**The data:**
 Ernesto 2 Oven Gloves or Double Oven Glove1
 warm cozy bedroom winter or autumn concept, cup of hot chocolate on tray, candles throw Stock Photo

---

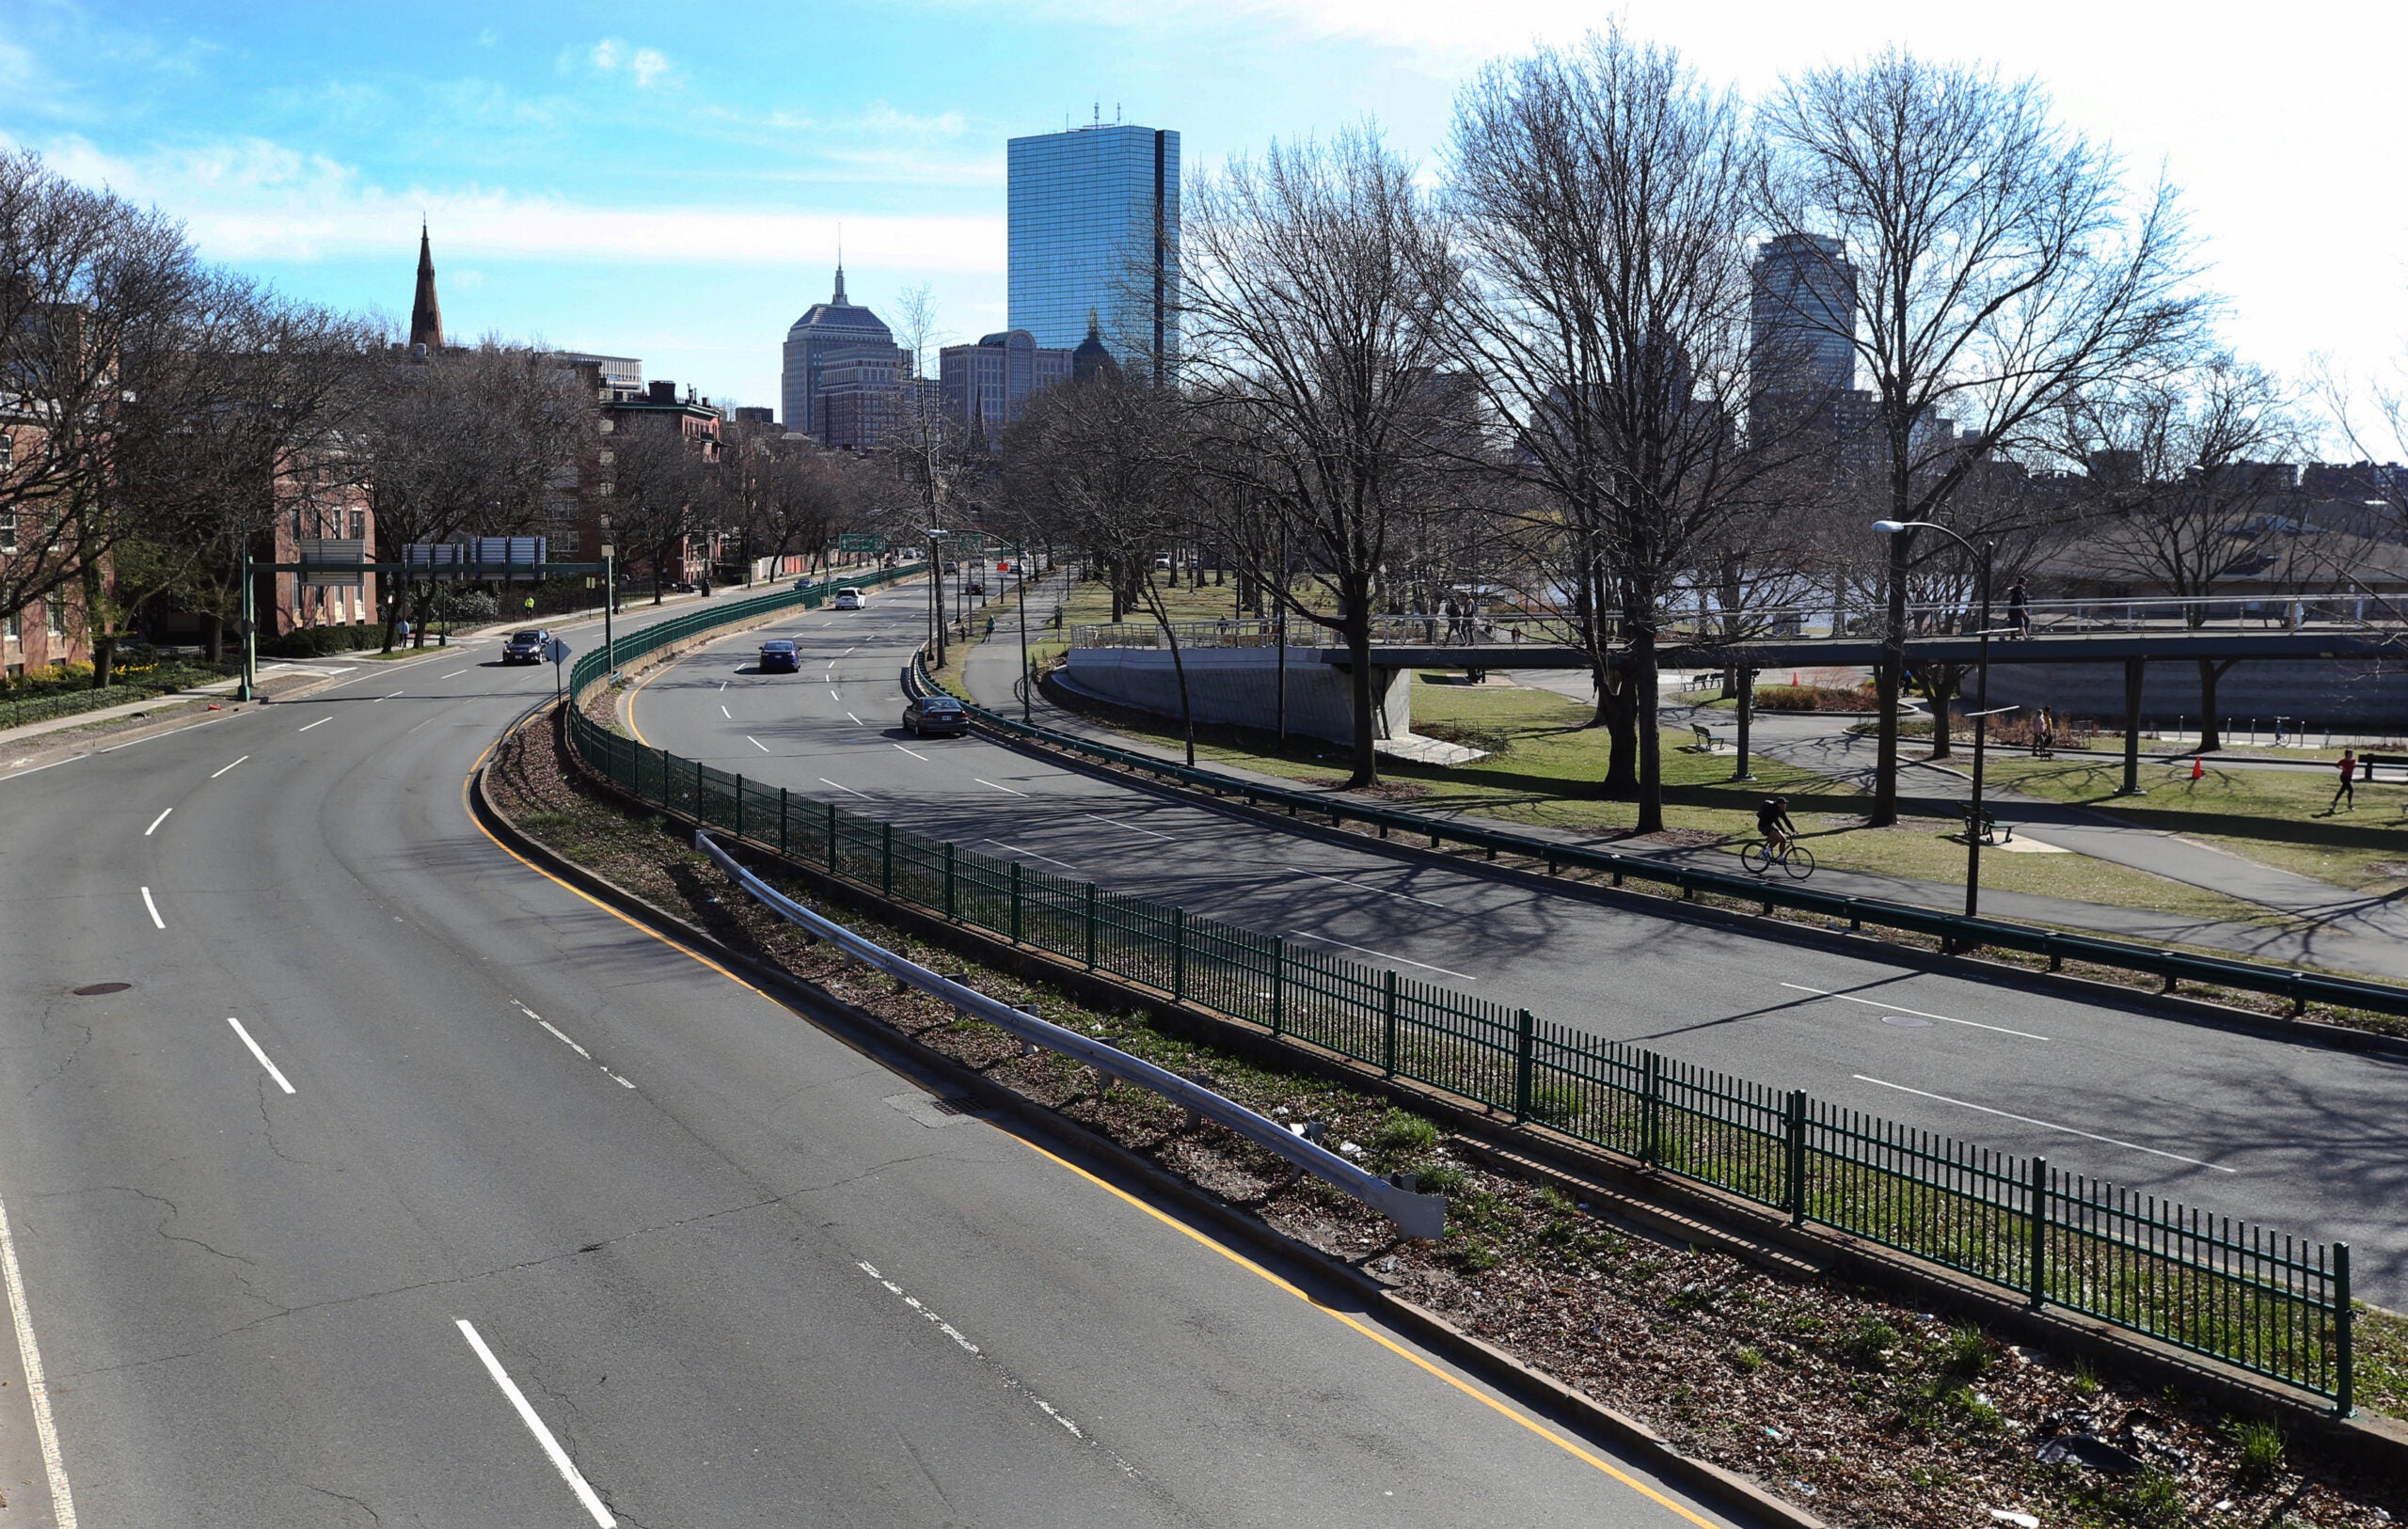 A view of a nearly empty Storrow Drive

**Task statement:**
Reproduce the lines of the entries above from the one with "Ernesto 2 Oven Gloves or Double Oven Glove1" to the one with "warm cozy bedroom", both included, exactly and without any other line.

**Result:**
 Ernesto 2 Oven Gloves or Double Oven Glove1
 warm cozy bedroom winter or autumn concept, cup of hot chocolate on tray, candles throw Stock Photo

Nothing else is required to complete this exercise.